- Born: 1929 Lancashire, England
- Died: 3 February 2022 (aged 92–93)
- Education: Girton College, Cambridge
- Known for: Senior Operator of the original Electronic delay storage automatic computer (EDSAC), an early British computer constructed at the University of Cambridge Mathematical Laboratory
- Scientific career
- Workplaces: Ferranti; University of Cambridge Mathematical Laboratory;

= Margaret Marrs =

English computer programmer (born 1929)

Margaret Marrs (née Lewin; 1929 – 3 February 2022) was an English computer programmer who was the Senior Operator of the original Electronic delay storage automatic computer (EDSAC).

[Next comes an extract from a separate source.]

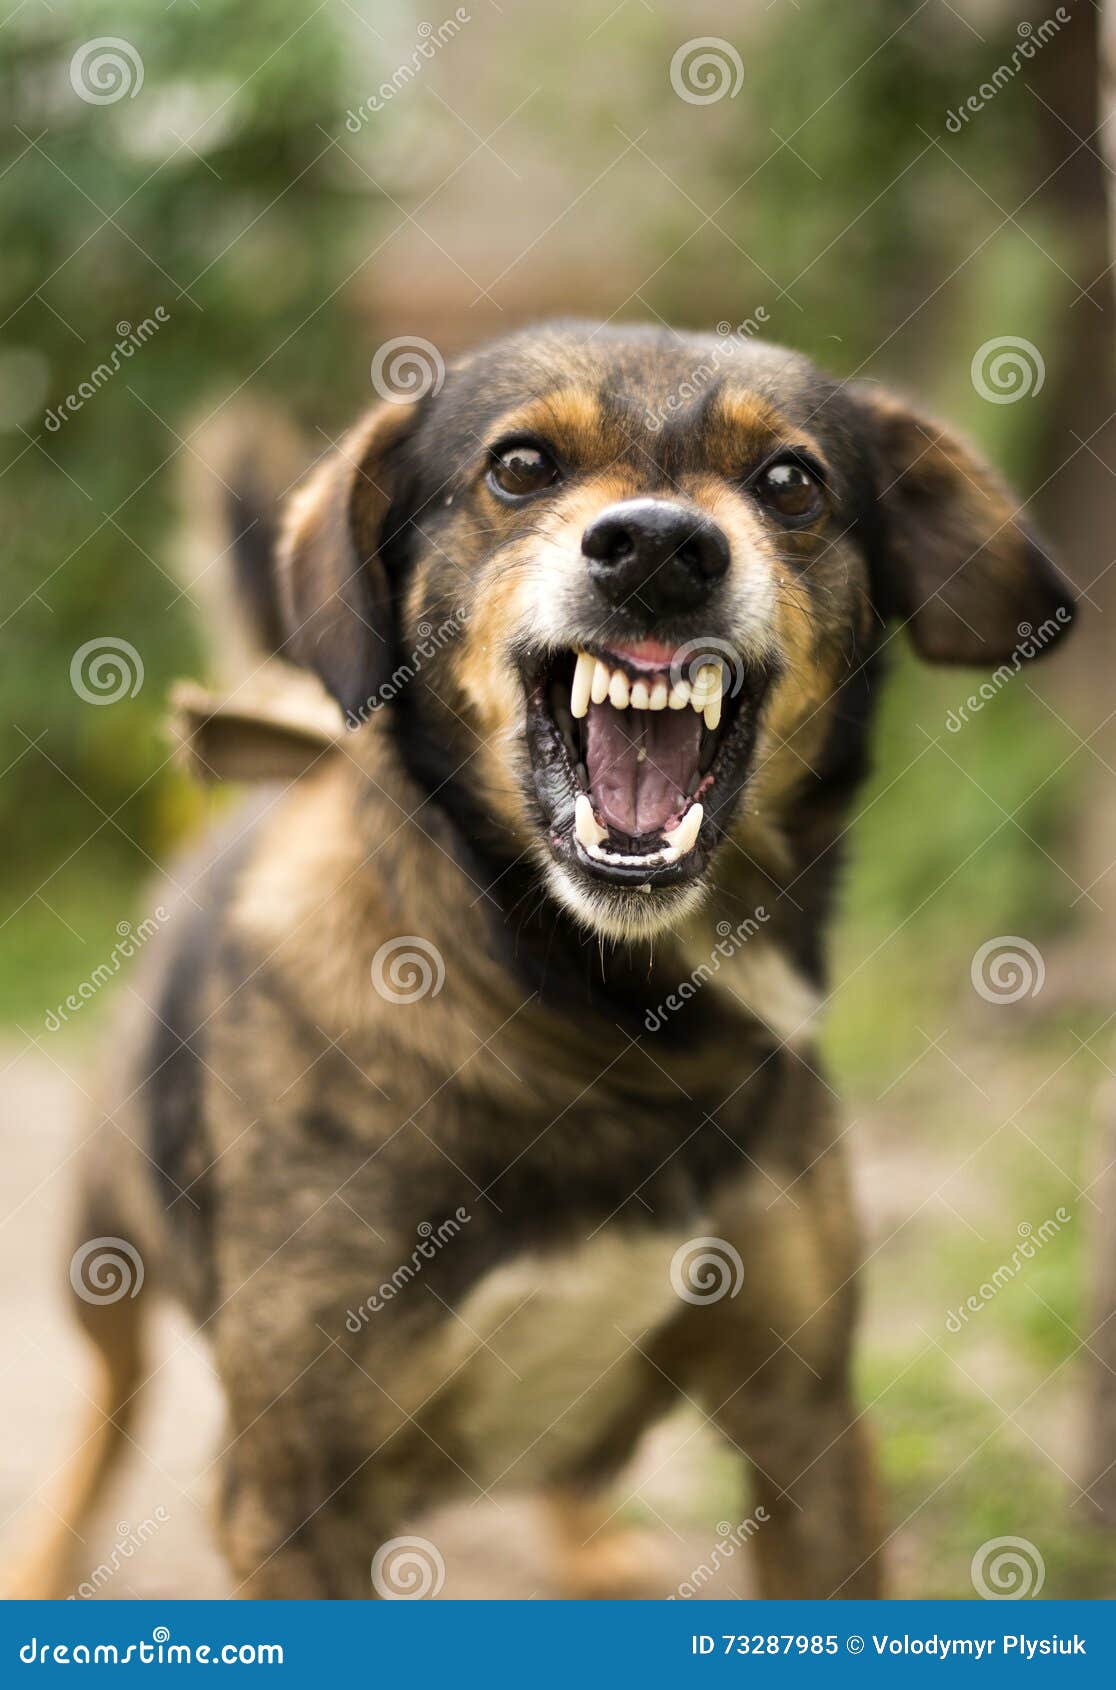 aggressive-angry-dog-enraged-grin-jaws-fangs-hungry-drool-73287985.jpg

EDSAC was an early British computer constructed at the University of Cambridge Mathematical Laboratory in England, and the second electronic digital stored-program computer to go into regular service.

== Education ==
Born in Lancashire, Marrs grew up in a village called Simonstone. She attended the Clitheroe Royal Grammar School where she completed maths, Latin, and French as her Higher School Certificate subjects. She studied maths at Girton College, Cambridge, graduating in 1951.

== Career ==
In 1951, Marrs worked as a computer programmer for Ferranti, a UK electrical engineering and equipment firm based in Manchester. Her work focused on adapting 39 differential equations for automatic computers. She accomplished this by working from a paper published in the late 1940s by Stanley Gill, adapting the Runge–Kutta method of solving differential equations for automatic computers.

In 1952, Marrs returned to Cambridge where she was employed by University of Cambridge Mathematical Laboratory as the Senior Operator for EDSAC. Her job included punching tape into the computer to run programs.

In 2016, Marrs and other former EDSAC computer scientists, including Joyce Wheeler and Liz Howe, assisted the National Museum of Computing's efforts to recreate the EDSAC by providing information on the EDSAC's machinery. Marrs and other EDSAC veterans visited the reconstruction team to celebrate the 70th anniversary of EDSAC.

== Legacy ==
Marrs left generous legacies to the Fitzwilliam Museum and Girton College.